# [Exercise description]
Once the images are removed, set down everything else in the listing below exactly.

# [Data section]
╔══

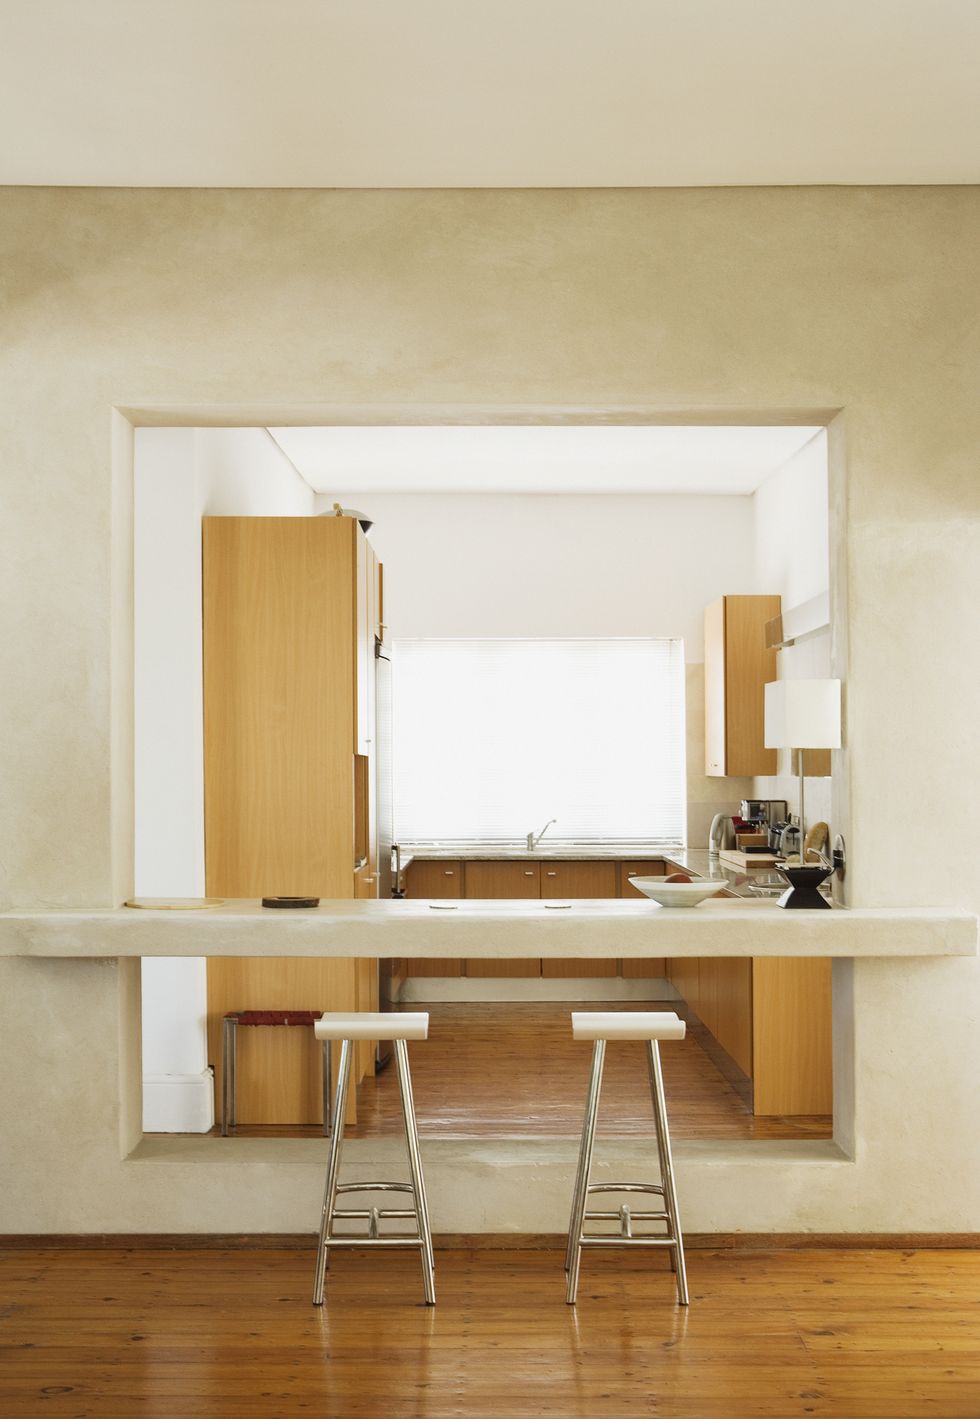 Cocina semiabierta con barra a salón - comedor - Modern - Kitchen - Other -  by Arquiox
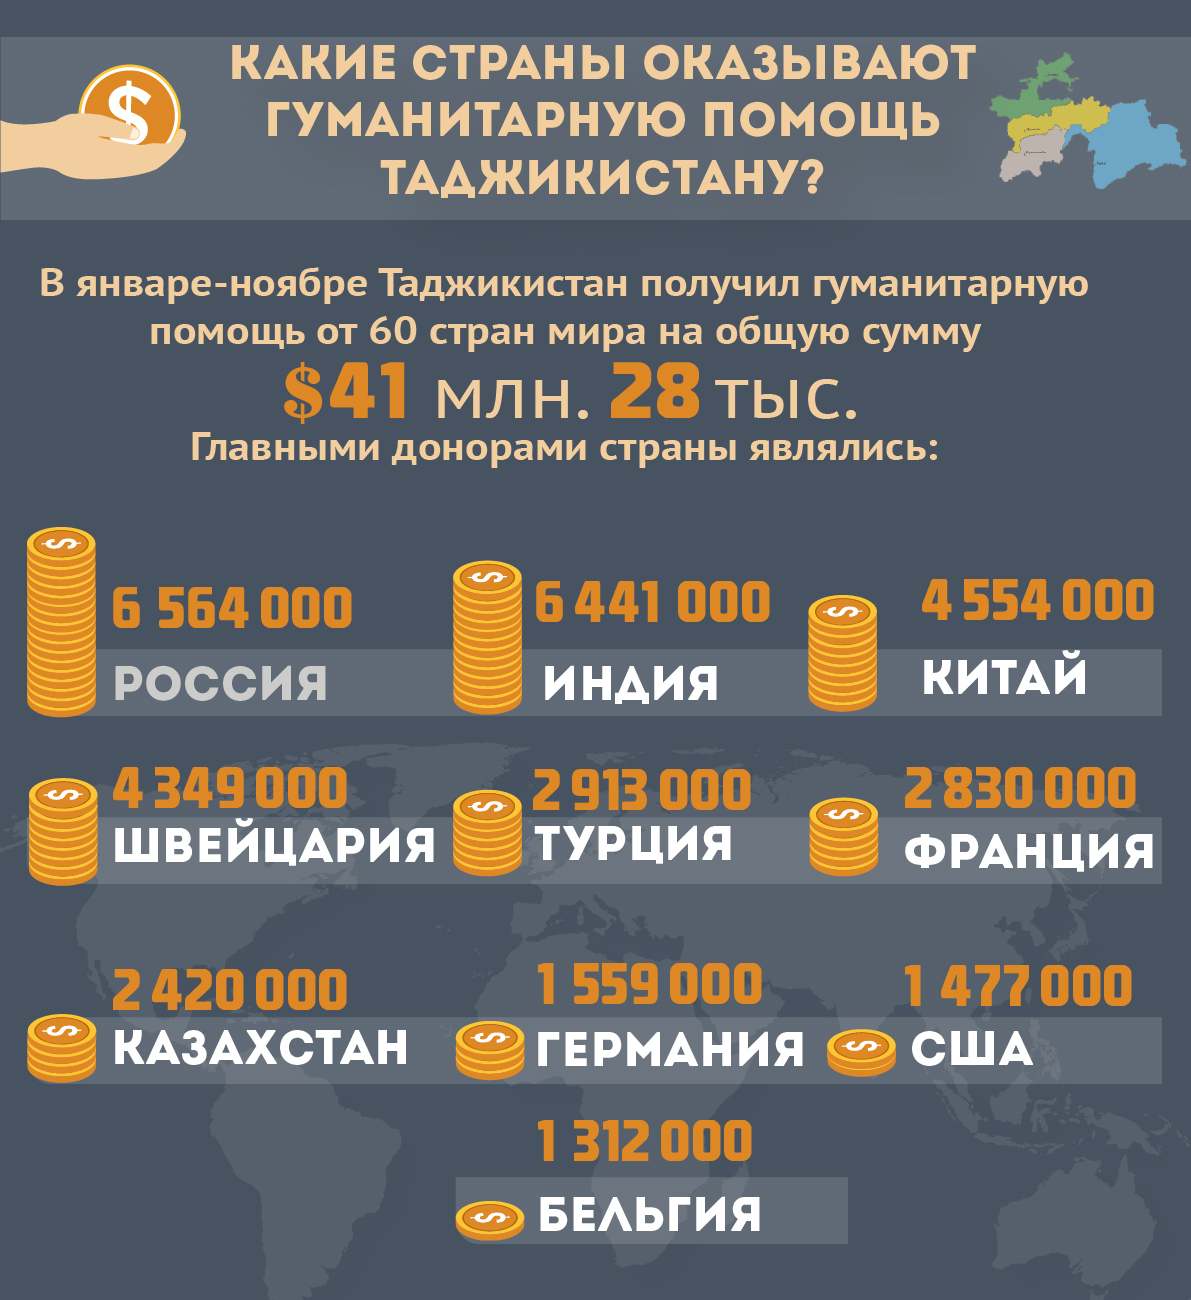 Таджики получают пенсию в россии. Страны Котове оказывали гуманитарную помощь. Какая Страна помогает Таджикистану. Какие страны поддерживают Таджикистан. Какие стране не признают Таджикистана.
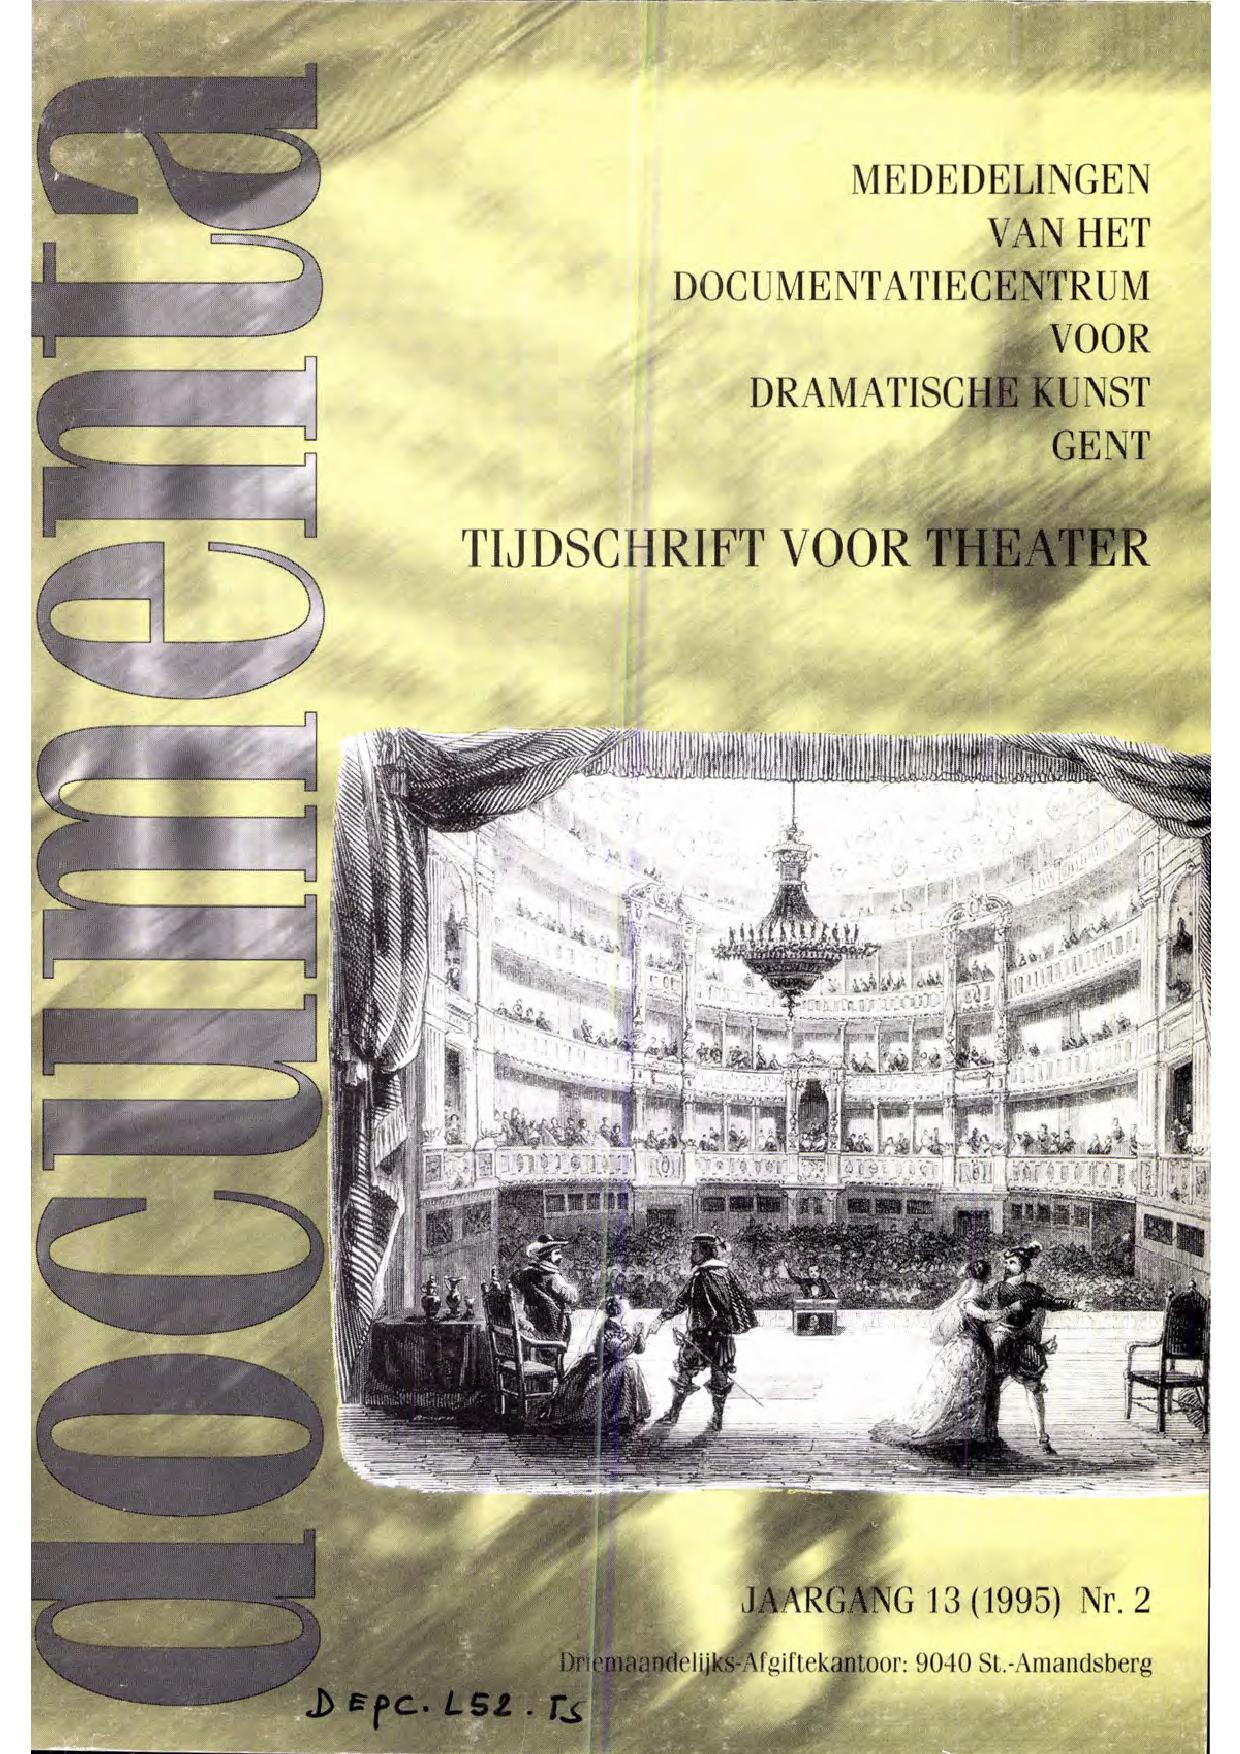 Volume 13 • Issue 2 • 1995 • Interculturele aspecten van het figurentheater
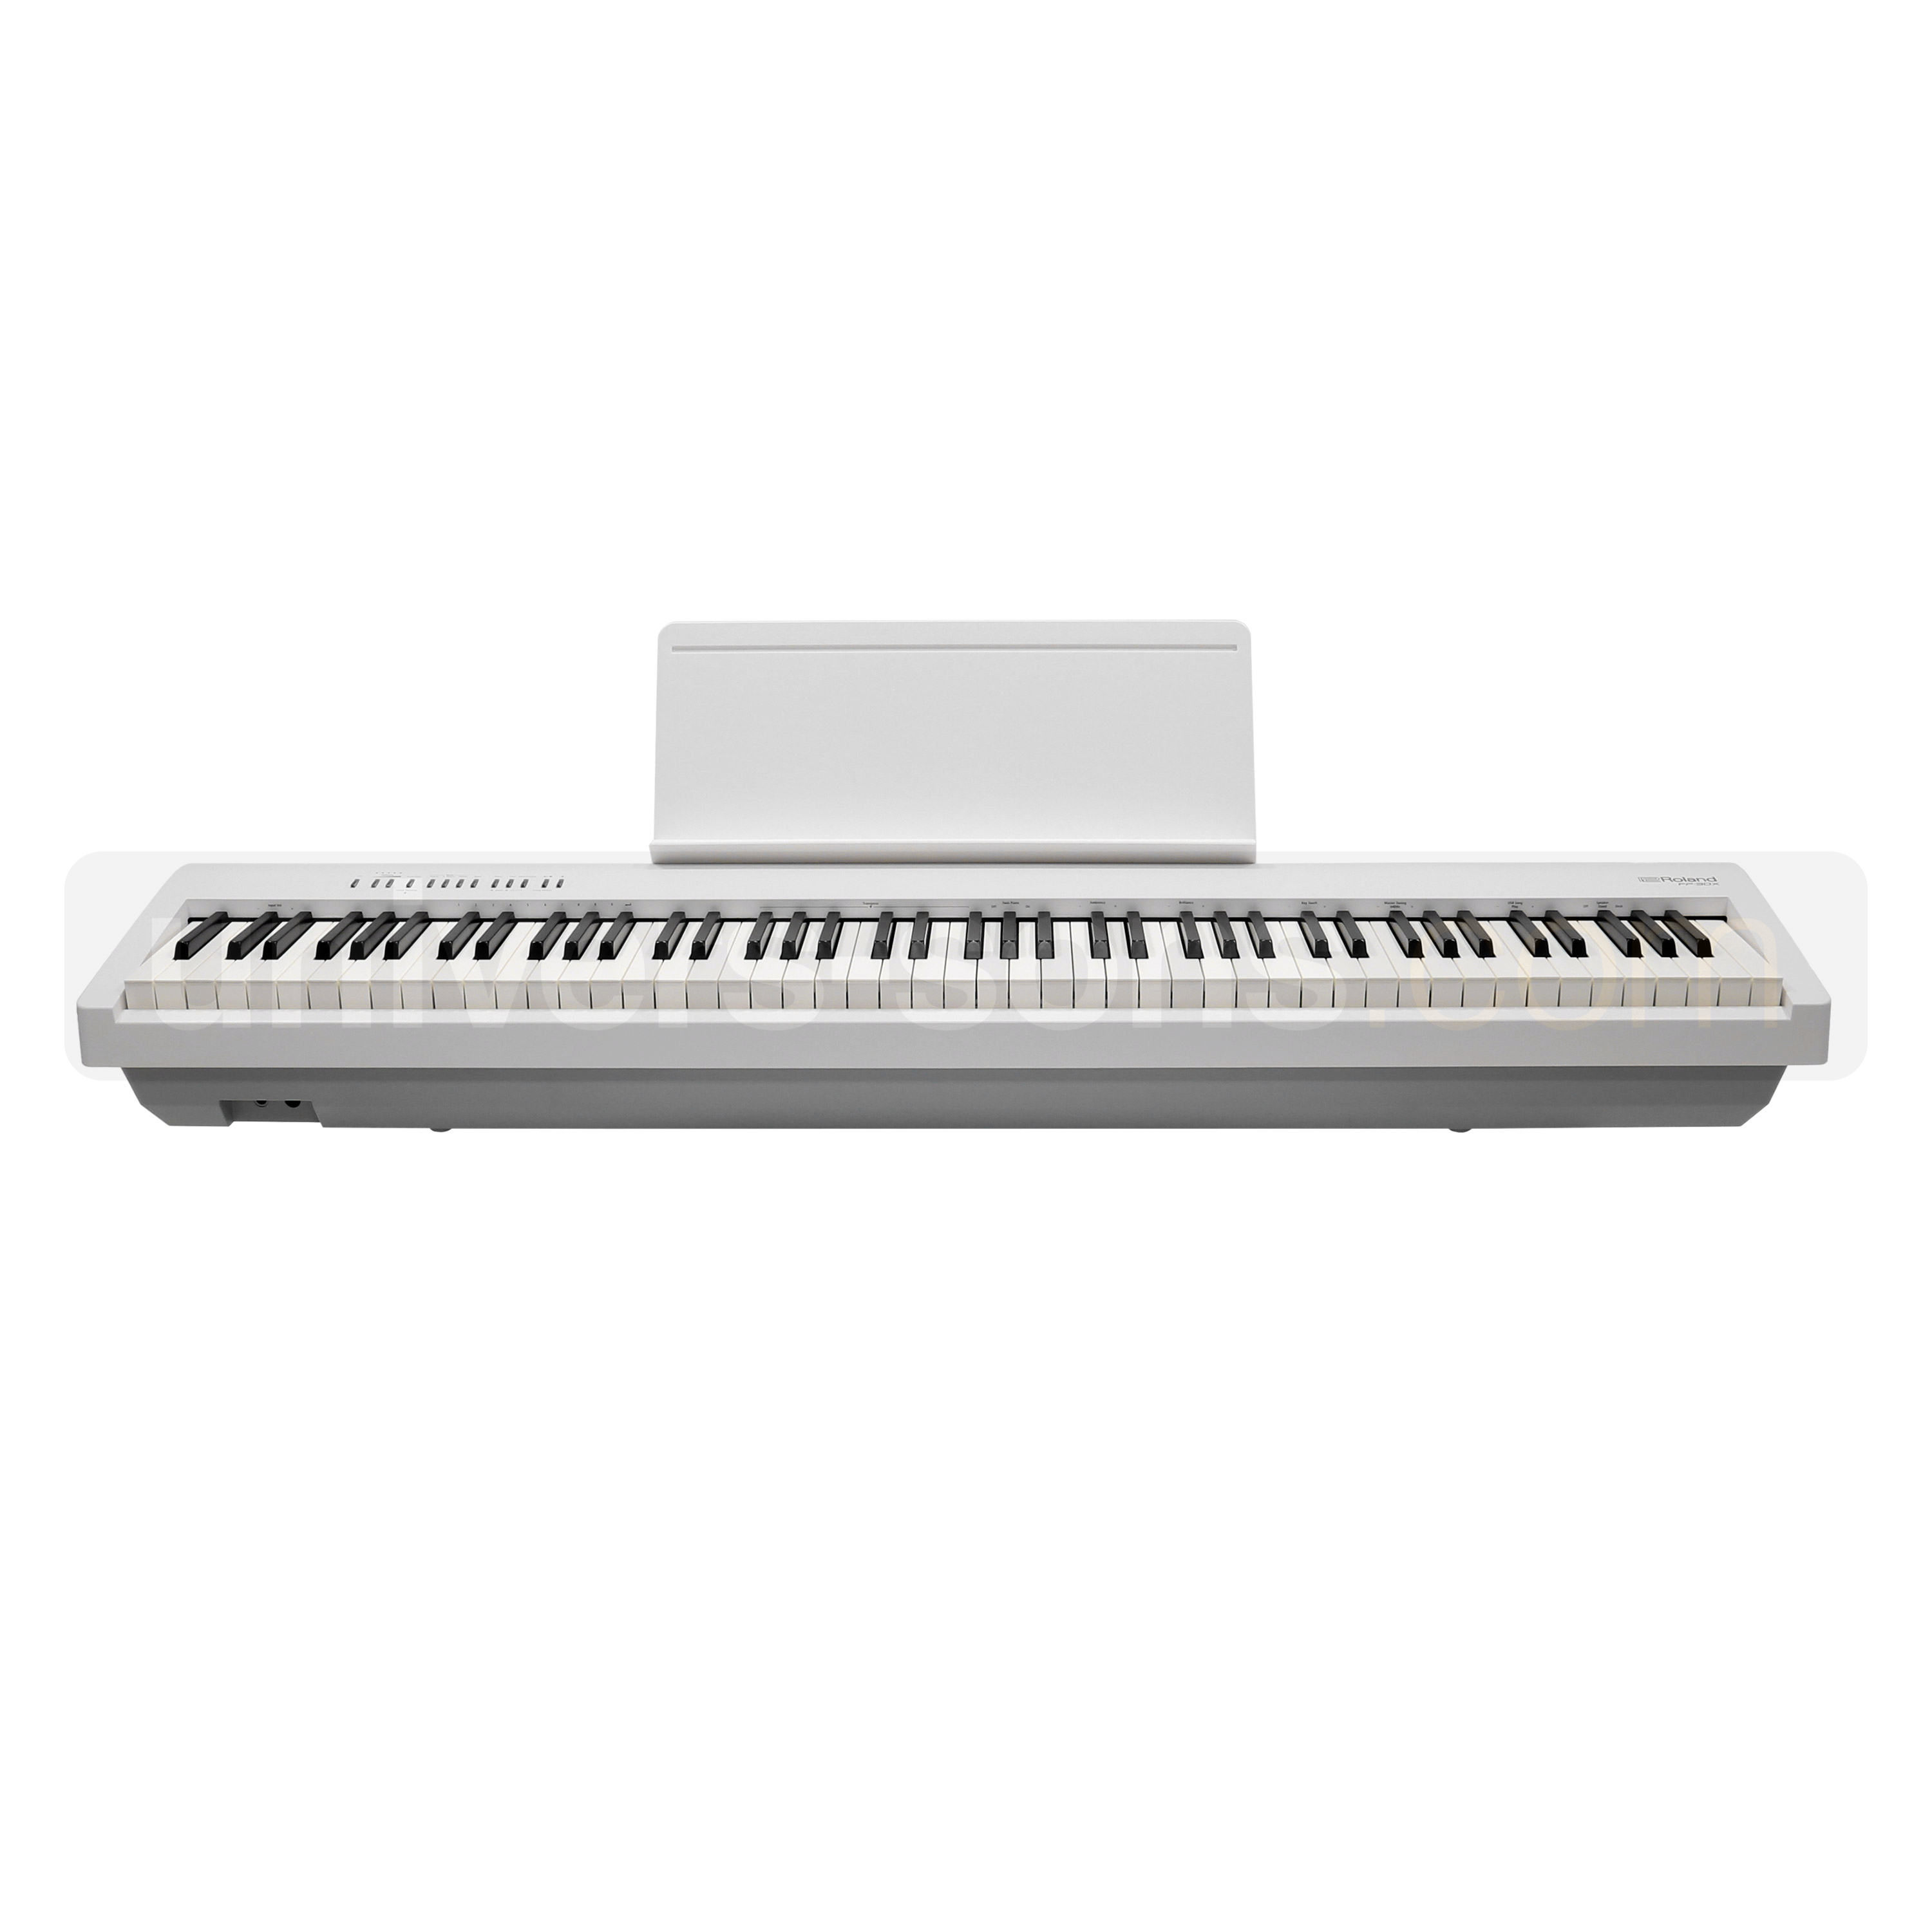 FP30X le plus populaire des pianos portables ROLAND

╚══

# [Problem solution]
 Cocina semiabierta con barra a salón - comedor - Modern - Kitchen - Other -  by Arquiox
 Таджики получают пенсию в россии. Страны Котове оказывали гуманитарную помощь. Какая Страна помогает Таджикистану. Какие страны поддерживают Таджикистан. Какие стране не признают Таджикистана.
 Volume 13 • Issue 2 • 1995 • Interculturele aspecten van het figurentheater
 FP30X le plus populaire des pianos portables ROLAND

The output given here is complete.